When I was somewhere between 10 and, let's say, 12 (definitely the late '70s), my mother approached a woman with a handmade crafts store to see if she would be interested in carrying her sock monkeys, a sample of which she had brought along with her. Now, my mother made very fine sock monkeys, and the woman was interested, and she put in an order for so many. Ma made up the order, they sold very quickly, and the woman ordered a whack more. My mother was urged to make ever greater quantities as Christmas approached, the woman asked if Ma could make anything else, and as the weeks went by, she started making dusters out of Phentex yarn (I can't find an image, but she'd make something like a giant pompom snowman out of this special kind of white yarn, bind it to make a head, body, and skirt, and then cut just the loops of skirt part to make a duster out of the doll-like thing, embroider on a face, tie an apron around the waist, stick a dowel through the whole thing and it looked pretty cute), and then she started making these marionette ostriches with crazy-coloured fun fur heads and bodies, heavy plywood circles for clomping feet, and braided yard to hold it all together. We'd come home from school and Ma would have all her materials in assembly-line piles on the rec room floor, and we'd know she would have spent her entire day cutting and sewing and creating, and aside from a brief break she'd take to feed us and our dad our dinner, we knew she'd be at it long after we went to bed. I may be remembering this wrong, but I think my mother got a dollar per unit she made, and when she wasn't actually making anything, she'd be at the flea market or the discount stores trying to get the cheapest materials. Before Etsy and the internet, I think she was happy to have found any way to sell what she was making -- as if this woman with the store was doing her a huge favour by stocking her wares -- and although I might regret the demise of the small town craft stores, I can look at Lolo today and appreciate that selling direct is a much better deal for those who are still creating handmade objects.

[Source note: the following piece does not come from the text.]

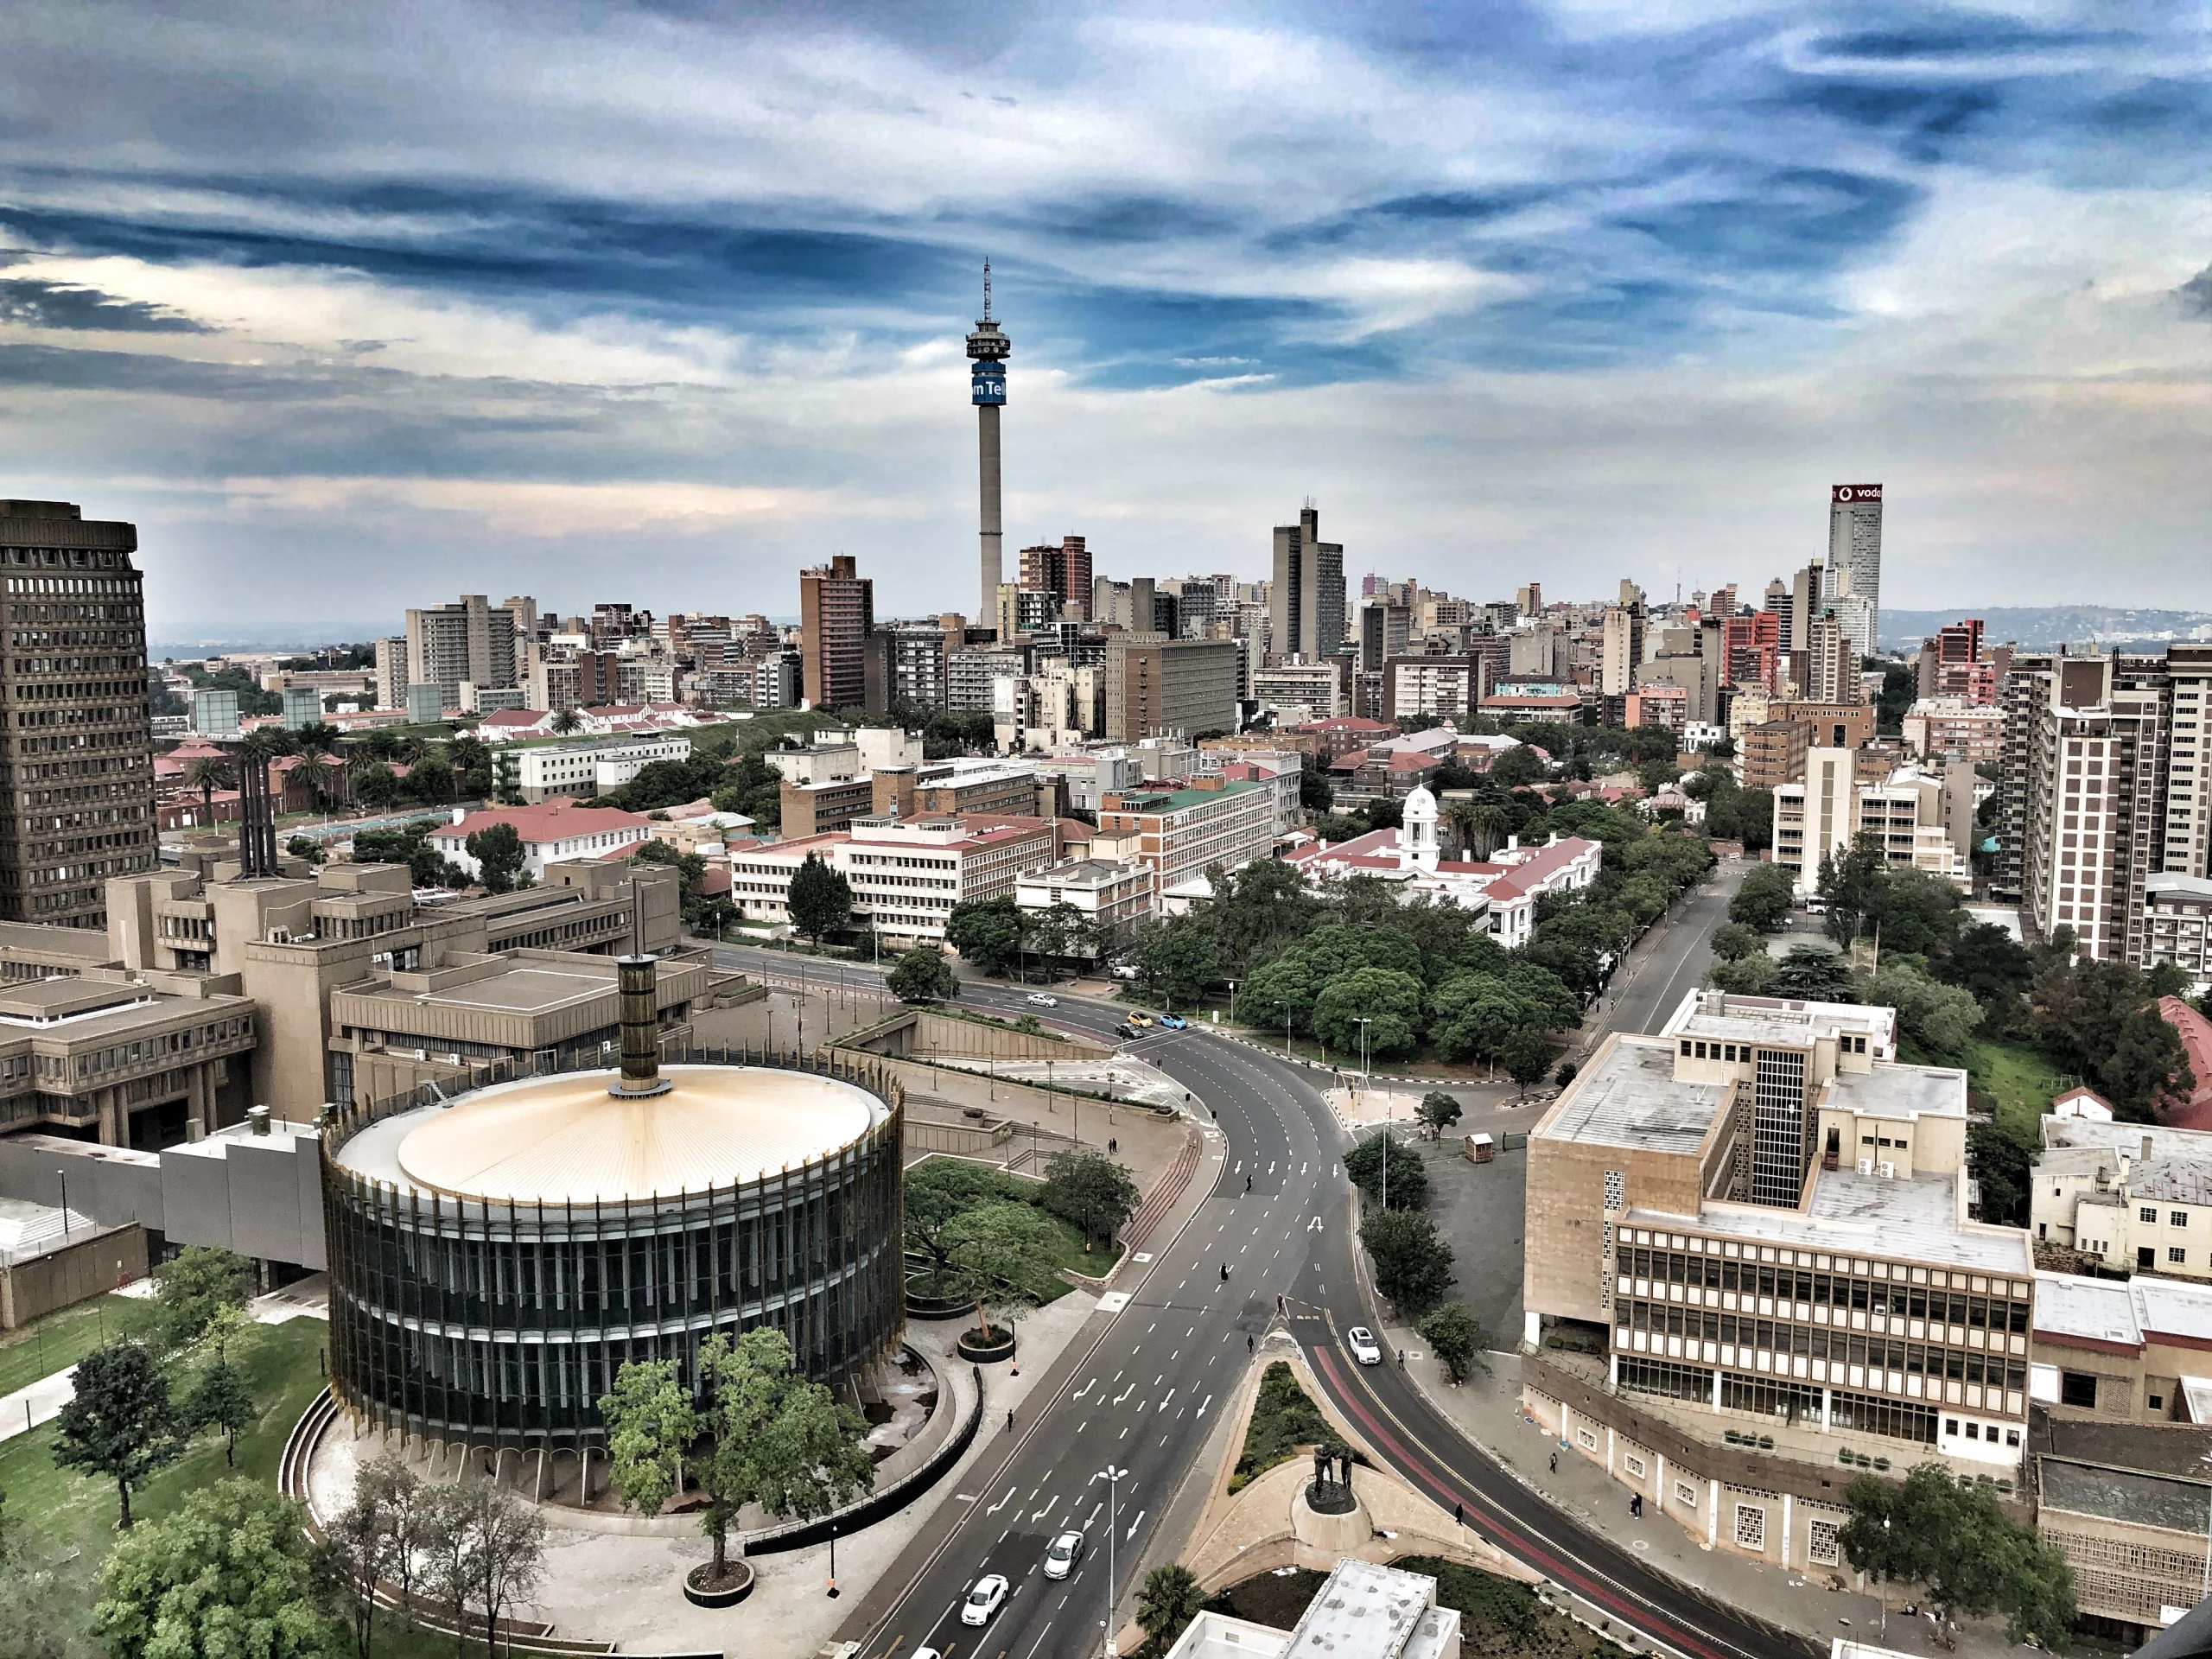 City view of Johannesburg, South Africa

That Christmas, Ma was able to buy Dad a welding kit that he still uses today, and I know that she had a huge sense of accomplishment from earning the money for it all by herself (for all I know she may have bought all the Christmas presents that year; that sounds like something my father would have done to her; teach her a lesson about the price of independence). I do remember Ma keeping at the crafts after Christmas for a while, but not for too long: maybe Dad forced her to get back to her real life, maybe Ma finally had it with the bad deal she got from the craft store owner, or maybe the market simply collapsed. No matter how it ended, I'll never forget the image of my mother, surrounded by the piles of her near-finished pieces -- monkey tails and ostrich heads side-by-side the grandmotherly duster bodies -- and beneath her stress and panic, there was always a grin; she was doing it for Christmas; for all of us.